7. Inspection date 7.1 Upon payment of the deposit we will reserve the inspection date 7.2 Where the customer wishes to change the inspection date and gives us less than 3 working days’ notice prior to the inspection date the customer must pay an additional deposit and 50% of the invoice before a newiInspection date is secured 7.3 Where the customer wishes to cancel their insprection date and gives less than 3 days notice prior to the inspection date the customer must pay 50% of their remaining invoice 7.4 The customer will forfeit the deposit if the customer cancels the inspection date within 5 working days prior to the inspection and must pay a cancellation fee (a) This clause is superseded by clause 6.1

8. Third party rights 8.1 Unless it expressly states otherwise, this contract does not give rise to any rights under the Contracts (Rights of Third Parties) Act 1999 to enforce any term of the contract 8.2 The rights of the parties to rescind or vary the contract are not subject to the consent of any other person

9. Severance If any provision or part-provision of the contract is or becomes invalid, illegal or unenforceable, it shall be deemed modified to the minimum extent necessary to make it valid, legal and enforceable. If such modification is not possible, the relevant provision or part-provision shall be deemed deleted.
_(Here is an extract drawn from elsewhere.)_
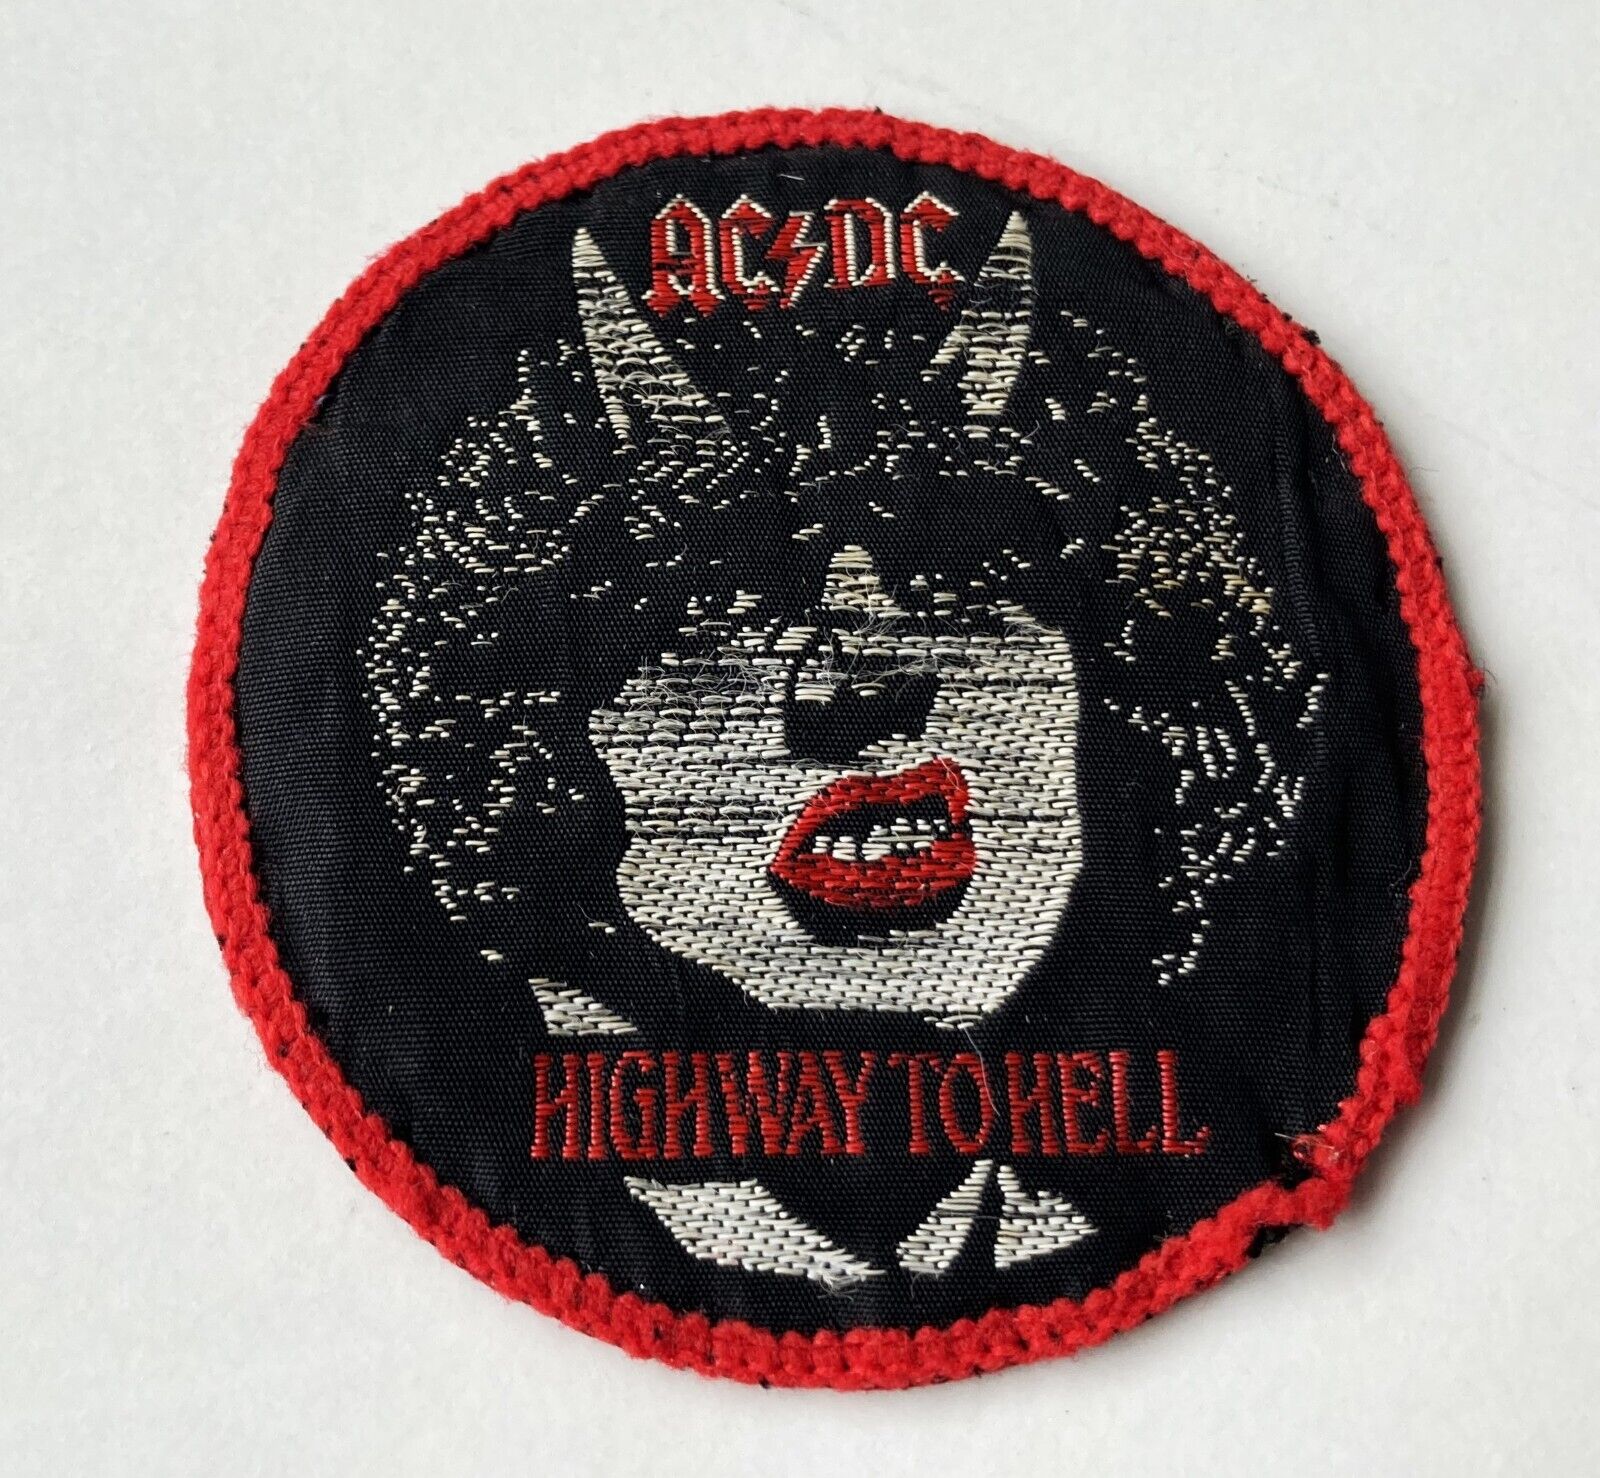 AC/DC HIGHWAY TO HELL VINTAGE SEW ON PATCH FROM THE 1980\'s ANGUS YOUNG VG

Any modification to or deletion of a provision or part-provision under this clause shall not affect the validity and enforceability of the rest of the contract.

10. Data Protection 10.1 The company shall process any personal data (defined in the Data Protection Act 1998) only in accordance with the customer’s instructions from time to time and shall not process the personal data for any purposes other than those expressly authorised by the customer 10.2 Each party warrants to the other that it will process the personal data in compliance with all applicable laws, enactments, regulations, orders, standards and other similar instruments 10.3 The company warrants that it will take reasonable measures against the unauthorised or unlawful processing of personal data and against accidental loss or destruction of, or damage to, personal data to ensure a level of security appropriate to the harm that might result from such unauthorised or unlawful processing or accidental loss, destruction or damage 10.4 The company may authorise a third party to process the personal data provided that the third party’s contract is on substantially similar terms as those set out in the contract and it terminates automatically on termination of the contract for any reason 10.5 The customer and company acknowledge that for the purposes of the Data Protection Act 1998, the Customer is the data controller, and the company is the data processor in respect of any personal data

11. Limit Liability 11.1 Nothing in these conditions shall limit or exclude our liability for (a) Death or personal injury cause by its negligence or the negligence of employees, agents or subcontractors (b) Fraud or fraudulent misrepresentation (c) Breach of the terms implied by section 12 of the Sale of Goods Act 1979 (d) Any matter in respect of which it would be unlawful for us to exclude or restrict liability. 11.2 Subject to clause 11.1 we shall under no circumstances whatsoever be liable to the customer whether in contract, tort (including negligence), breach of statutory duty or otherwise for any loss of profit, or any indirect or consequential loss arising under or in connection with this contract.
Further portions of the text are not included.